▶ _THE PROBLEM_
Down to the final line, write out the material beneath exactly, without pictures.

▶ _INFORMATION PROVIDED_
****
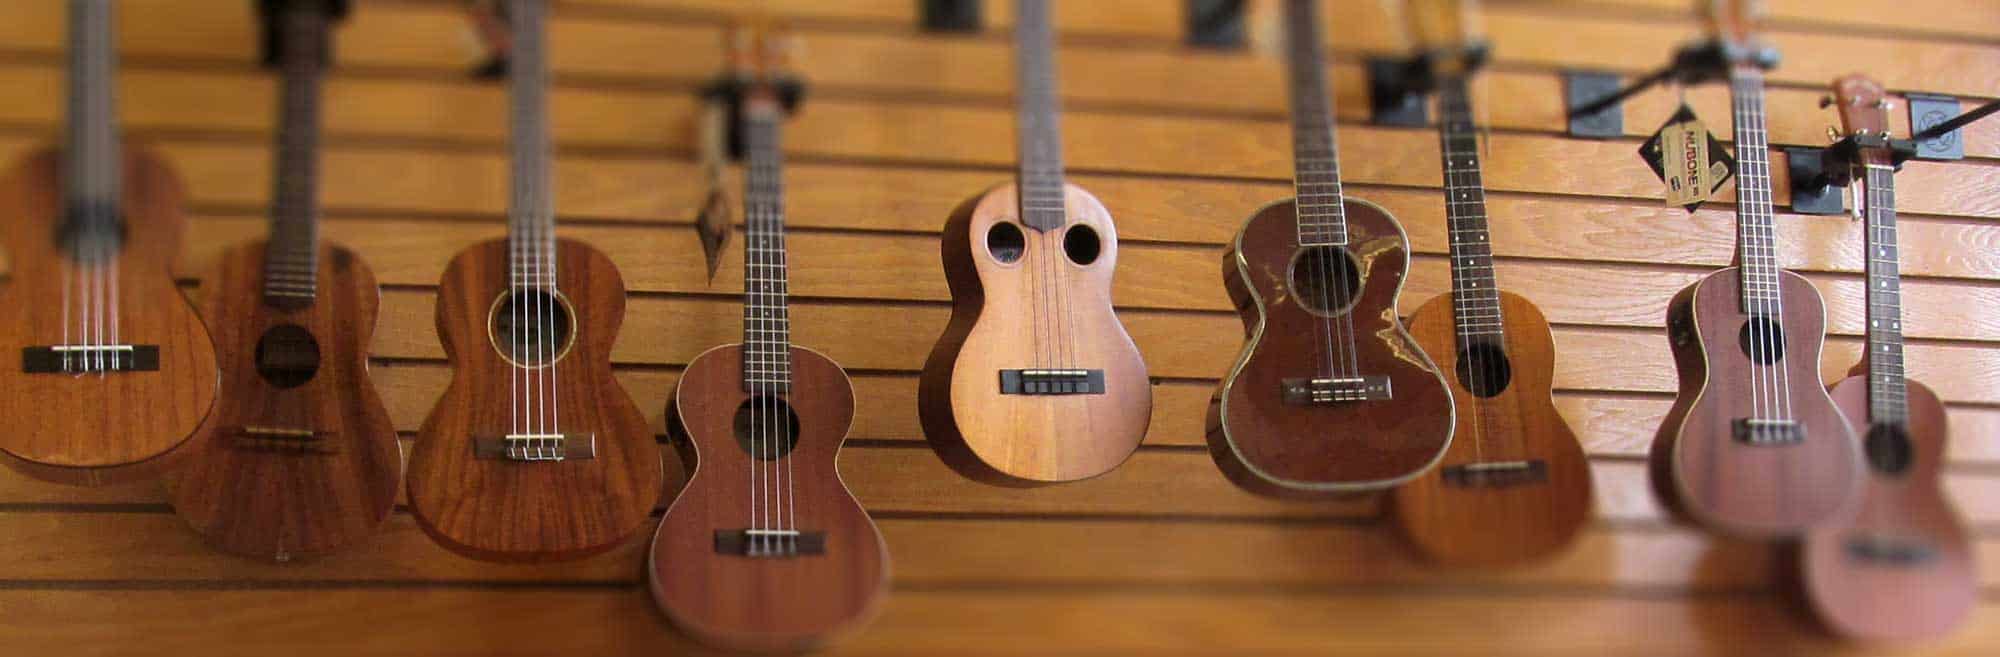 We have a great selection of fine ukuleles and classical instruments.
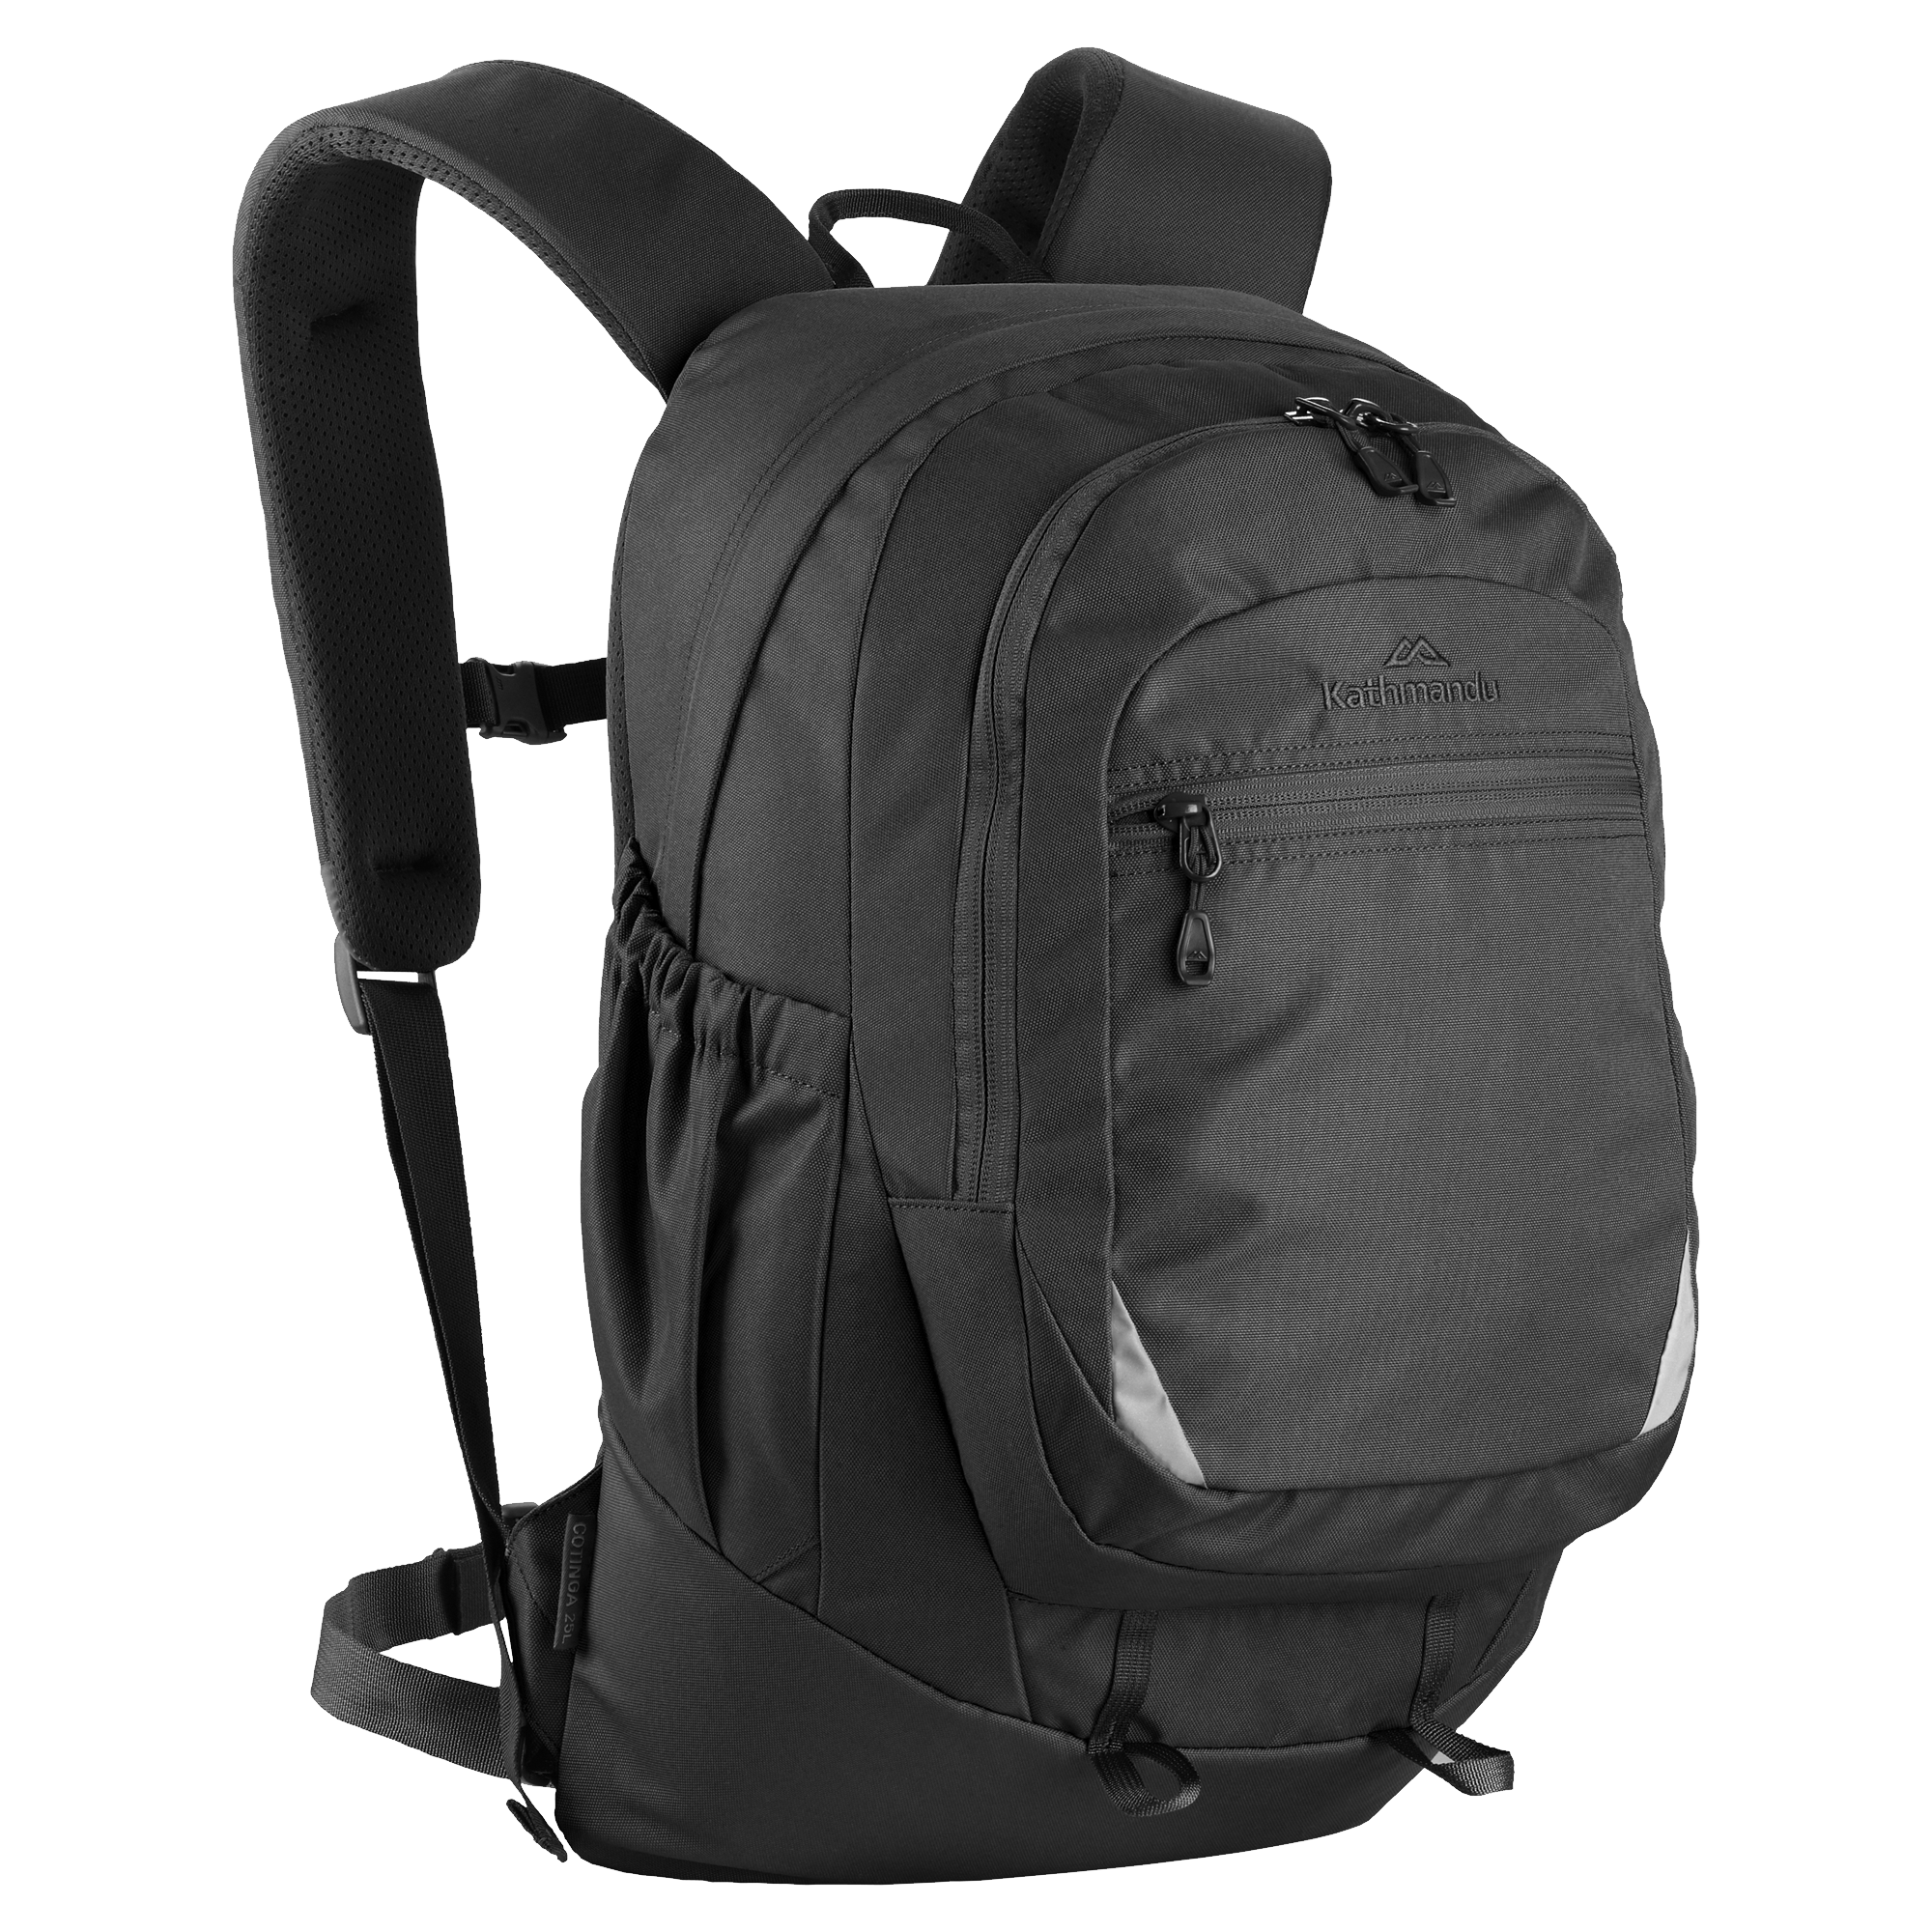 Backpack PNG images free download.
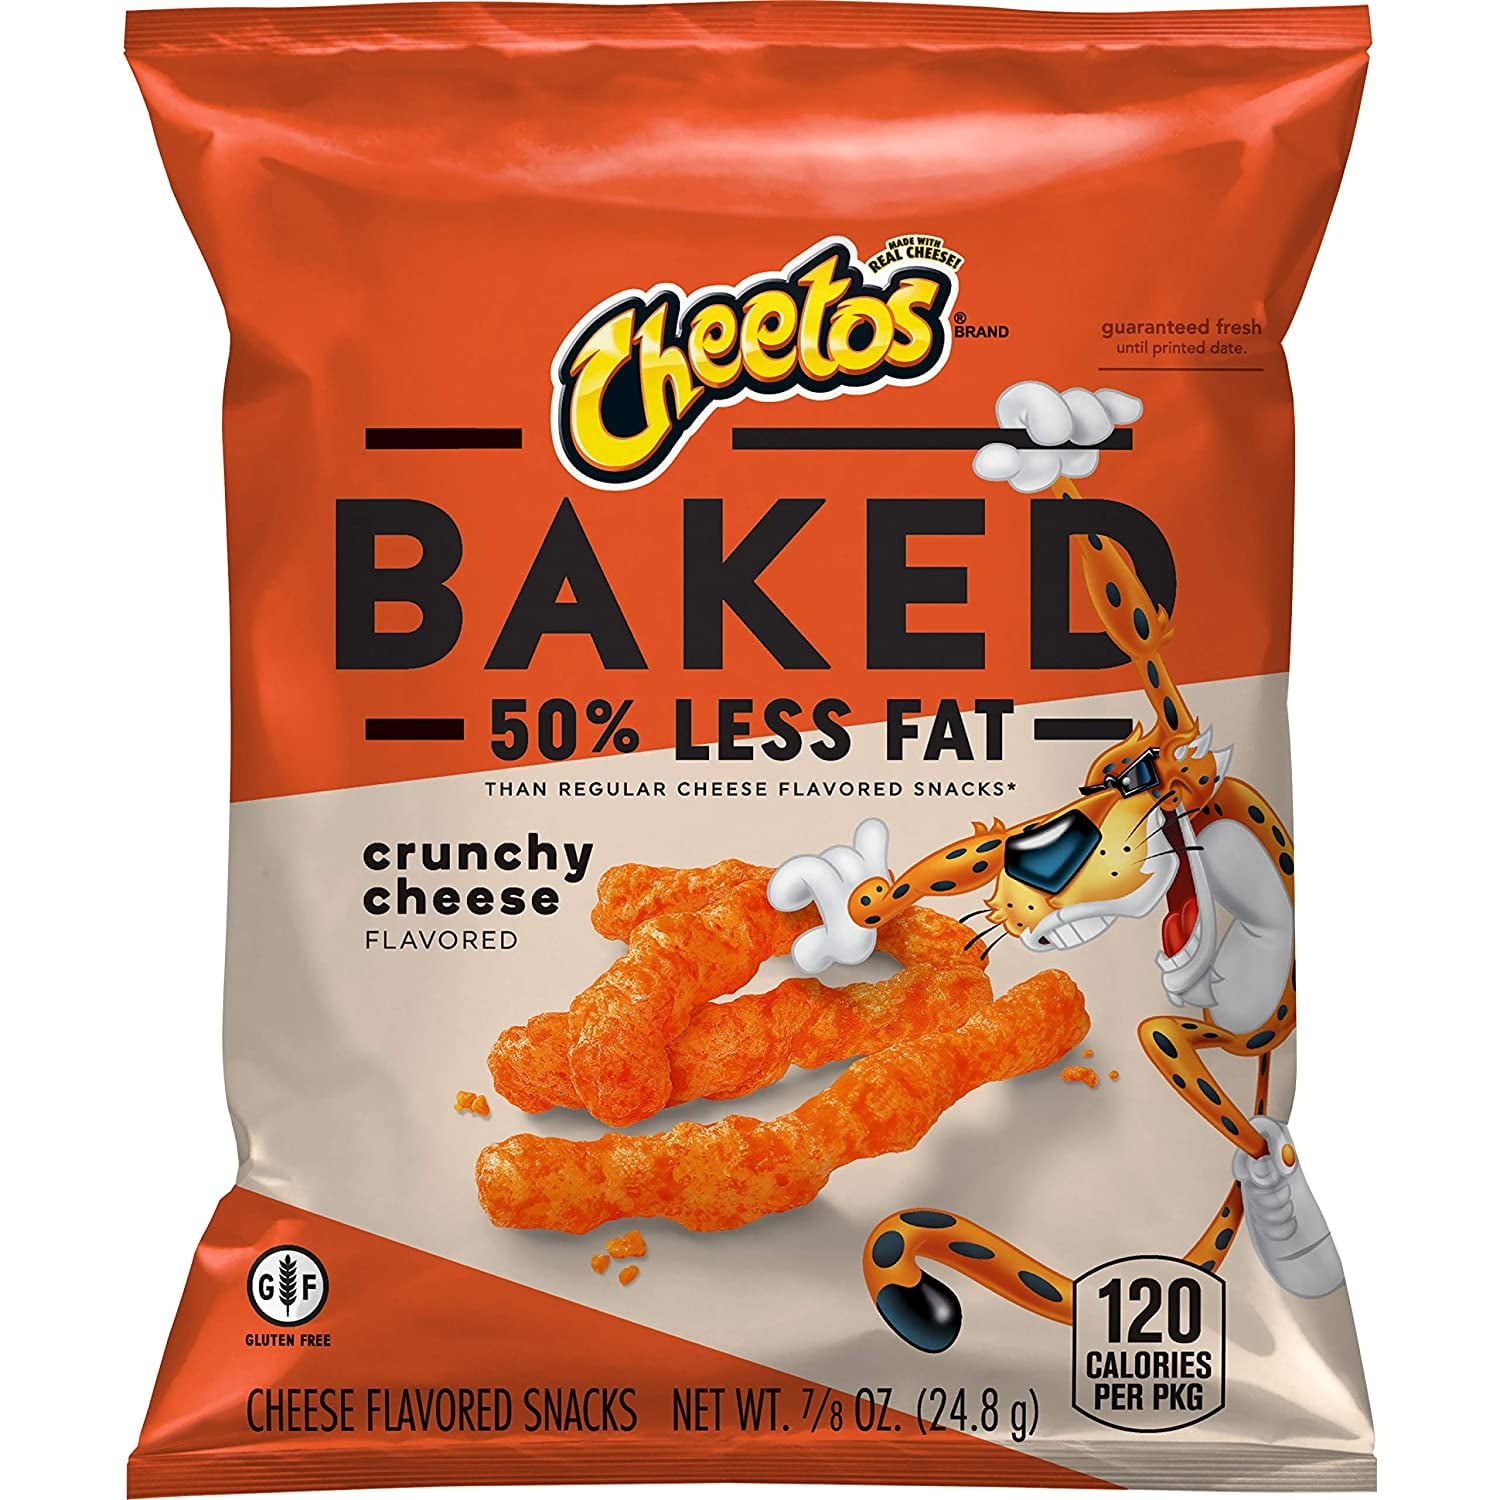 40-Pack 0.875-oz Cheetos Puffs Cheese Flavored Snacks $12.90 w
****
▶ _RESULT OF THIS EXERCISE_
 We have a great selection of fine ukuleles and classical instruments.
 Backpack PNG images free download.
 40-Pack 0.875-oz Cheetos Puffs Cheese Flavored Snacks $12.90 w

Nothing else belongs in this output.